Lessons from a production tRPC migration

This writeup walks through a team’s move from Apollo Federation to tRPC in TypeScript, including the mess-ups along the way and why they ended up with fewer bugs, faster.

“89% fewer bugs” is marketing until they show their math. If you rewrote a bunch of resolvers, cleaned up dead paths, and tightened logging at the same time, of course the bug count drops.

tRPC makes me twitchy for a different reason: it’s really easy to accidentally widen the API surface area. One “oh I’ll just reuse this procedure” and suddenly something that was meant to be server-internal is callable from the client, and TypeScript will happily certify it as “correct” while authz is missing.

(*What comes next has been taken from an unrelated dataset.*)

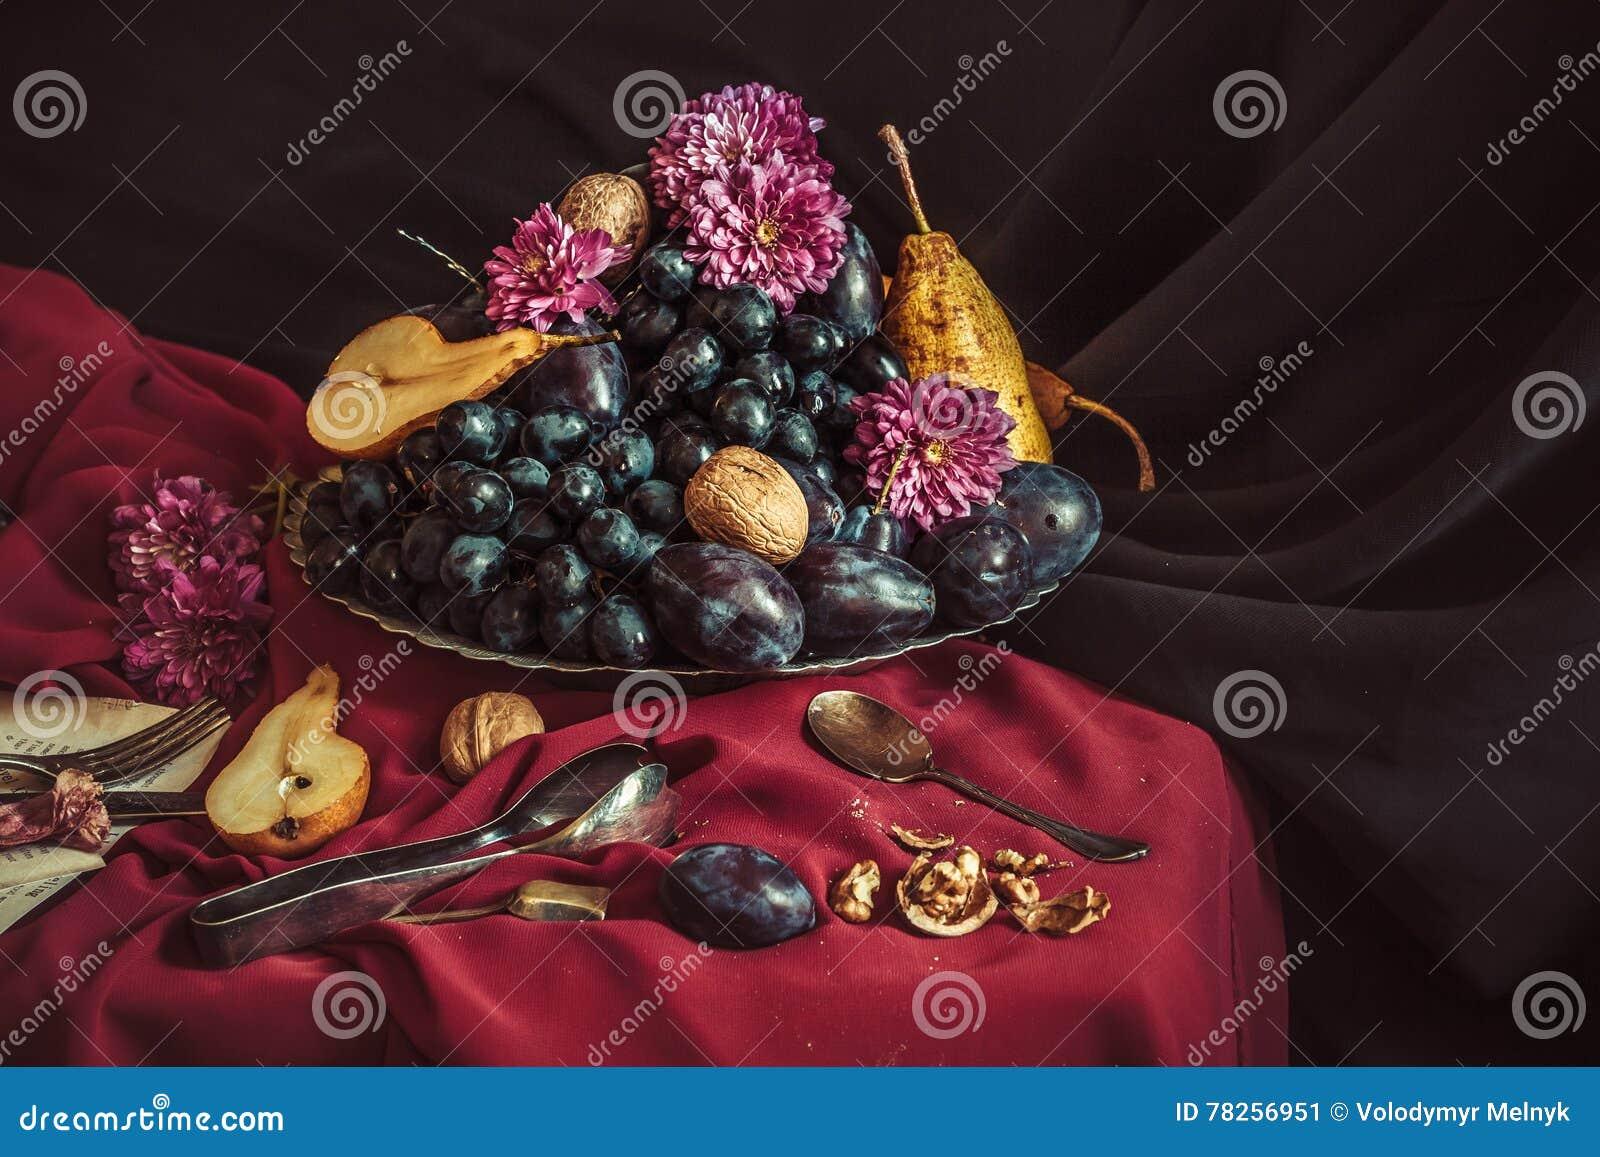 Το κύπελλο φρούτων με τα σταφύλια και τα δαμάσκηνα ενάντια σε ένα καφέ τραπεζομάντιλο
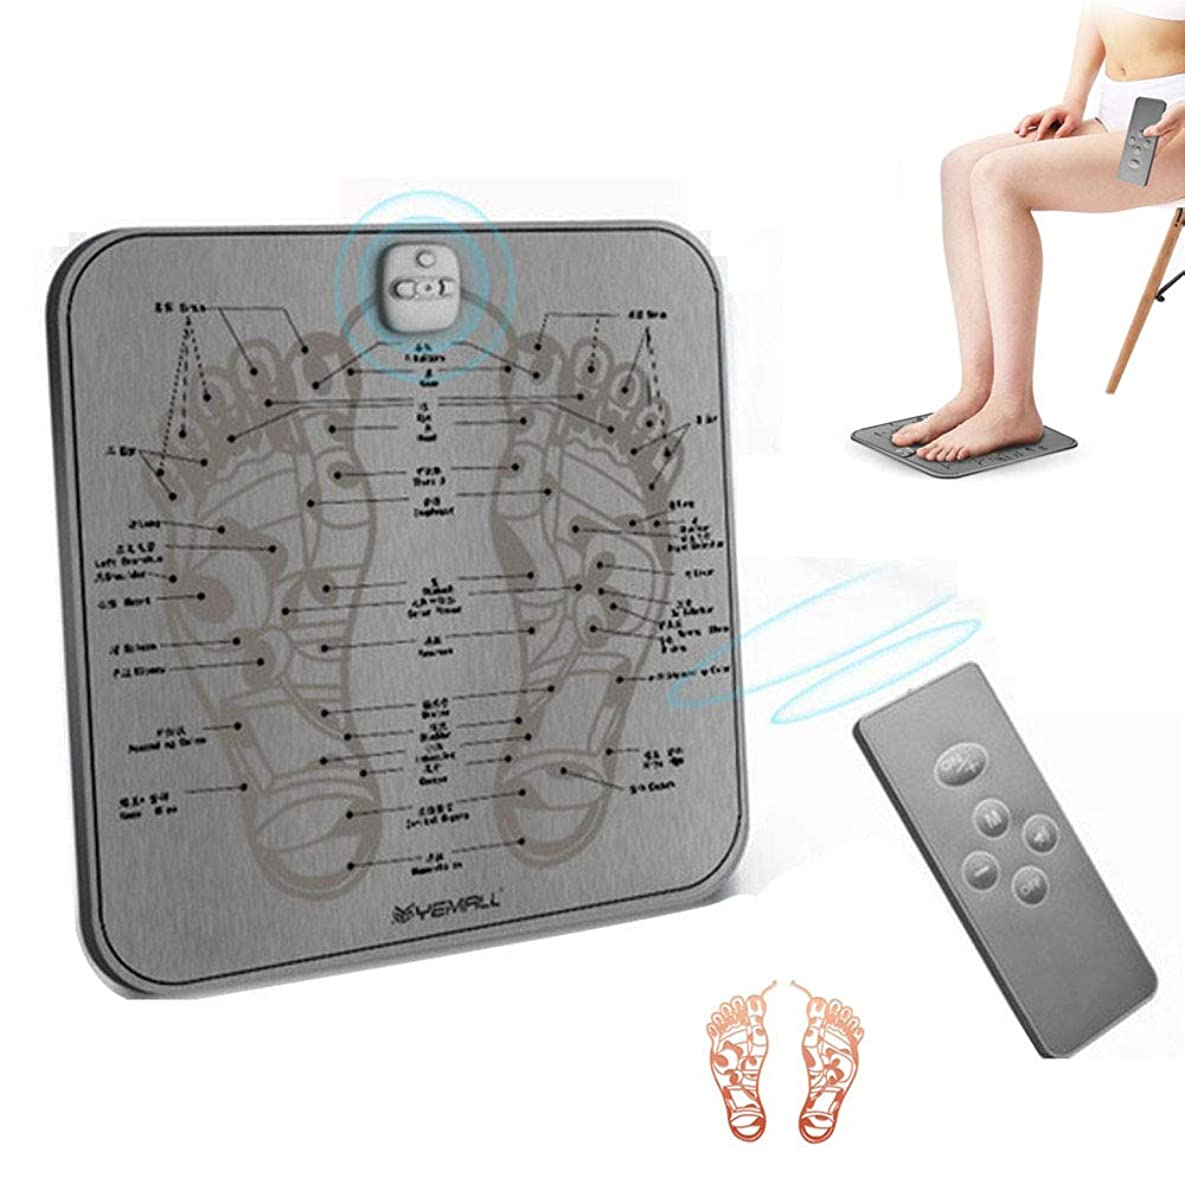 凝縮する思いつく暴露するEMSエレクトリックフットマッサージャーのUSB充電式フット筋トレーナー刺激理学療法バイブレータワイヤレス足マッサージ機

I’d want to see how they enforced server-only boundaries (separate packages, build-time checks, whatever) and whether every procedure goes through deny-by-default auth middleware, not “remember to add it.”

Wait, when they say “67% faster, ” are they talking p95 handler time or actual end-to-end page load, because dropping GraphQL parsing/resolver fan-out is one thing but “we fixed N+1s and removed 3 redundant roundtrips per page” is a totally different win—did their DB/query shape stay basically the same in the before/after? honestly not sure on that bit.

Yeah “67% faster” is kind of meaningless without saying where they measured it — server p95 vs full page load can be two different worlds. i’ve seen teams claim big wins from “removing GraphQL overhead” but the real change was they quietly reshaped the queries and stopped doing a bunch of tiny fetches.